_PROBLEM TO SOLVE_
Write out exactly, and only, the lines below from the line with "hot sale online" through the line with "1990 15c Beach"; pictures do not belong in the copy.

_EXCERPTED DATA_

↓↓↓

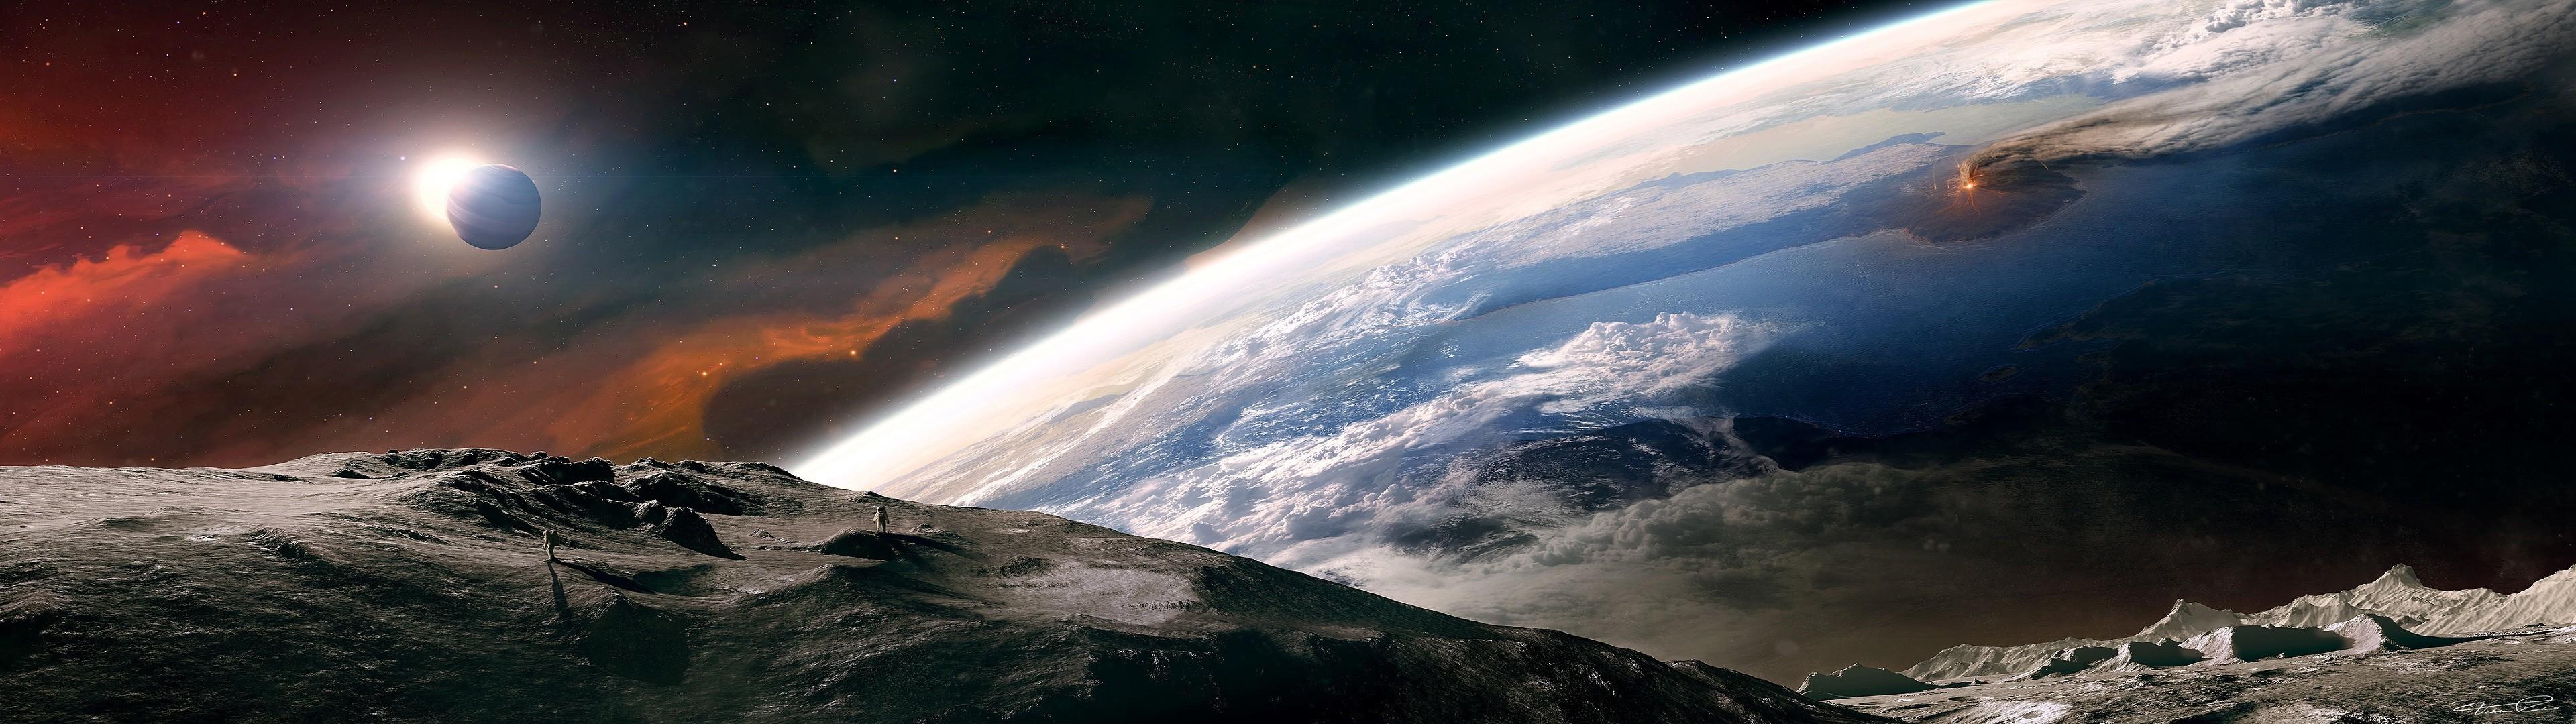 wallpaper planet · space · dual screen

↑↑↑
↓↓↓

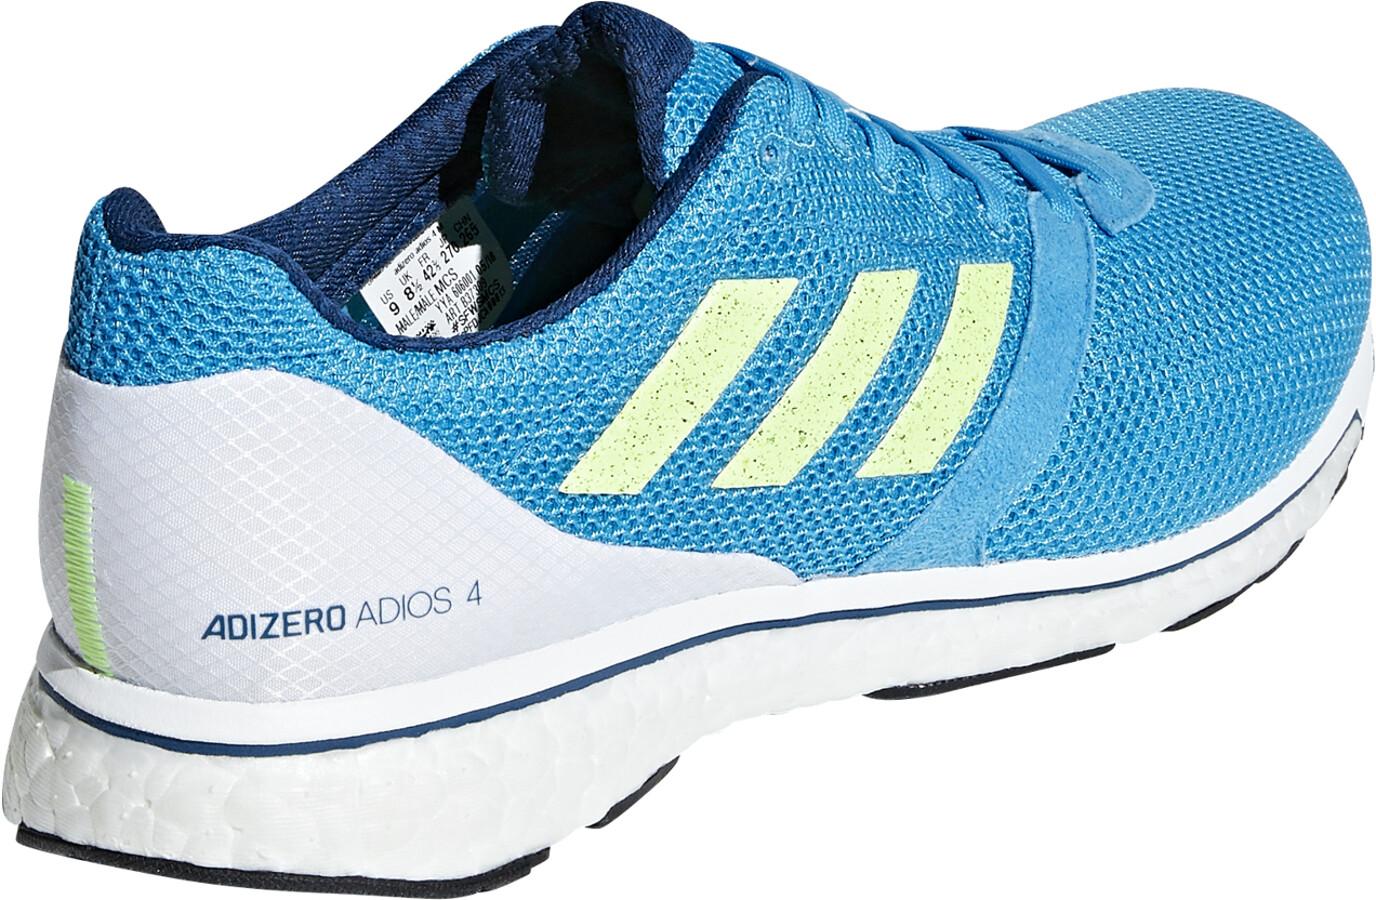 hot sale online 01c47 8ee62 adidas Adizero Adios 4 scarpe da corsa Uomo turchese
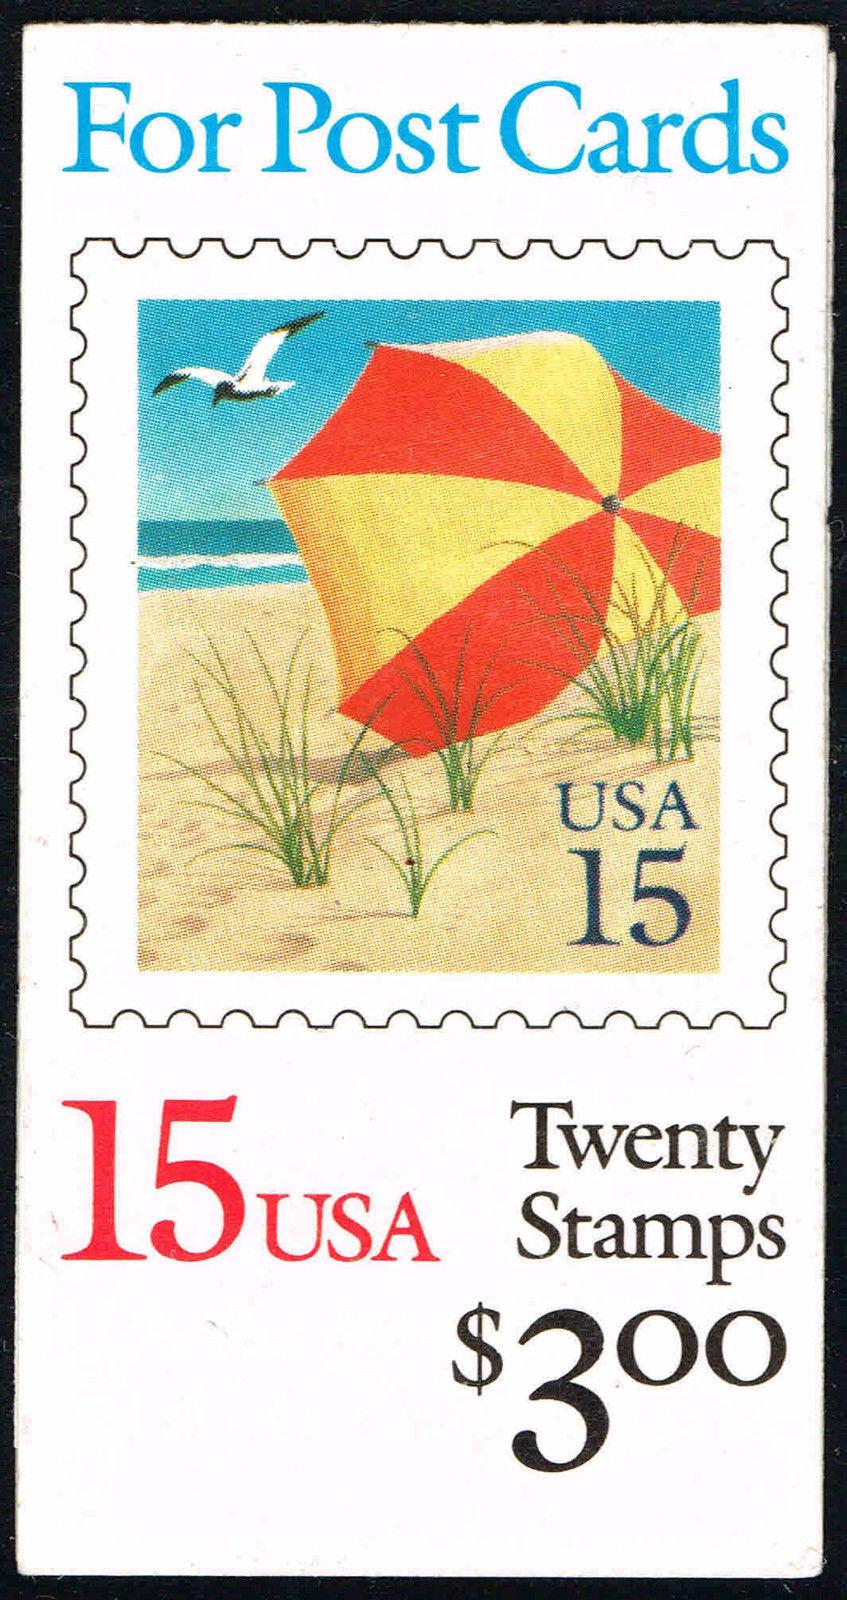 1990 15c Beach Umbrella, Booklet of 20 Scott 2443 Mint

↑↑↑

_YOUR SOLUTION_
 hot sale online 01c47 8ee62 adidas Adizero Adios 4 scarpe da corsa Uomo turchese
 1990 15c Beach Umbrella, Booklet of 20 Scott 2443 Mint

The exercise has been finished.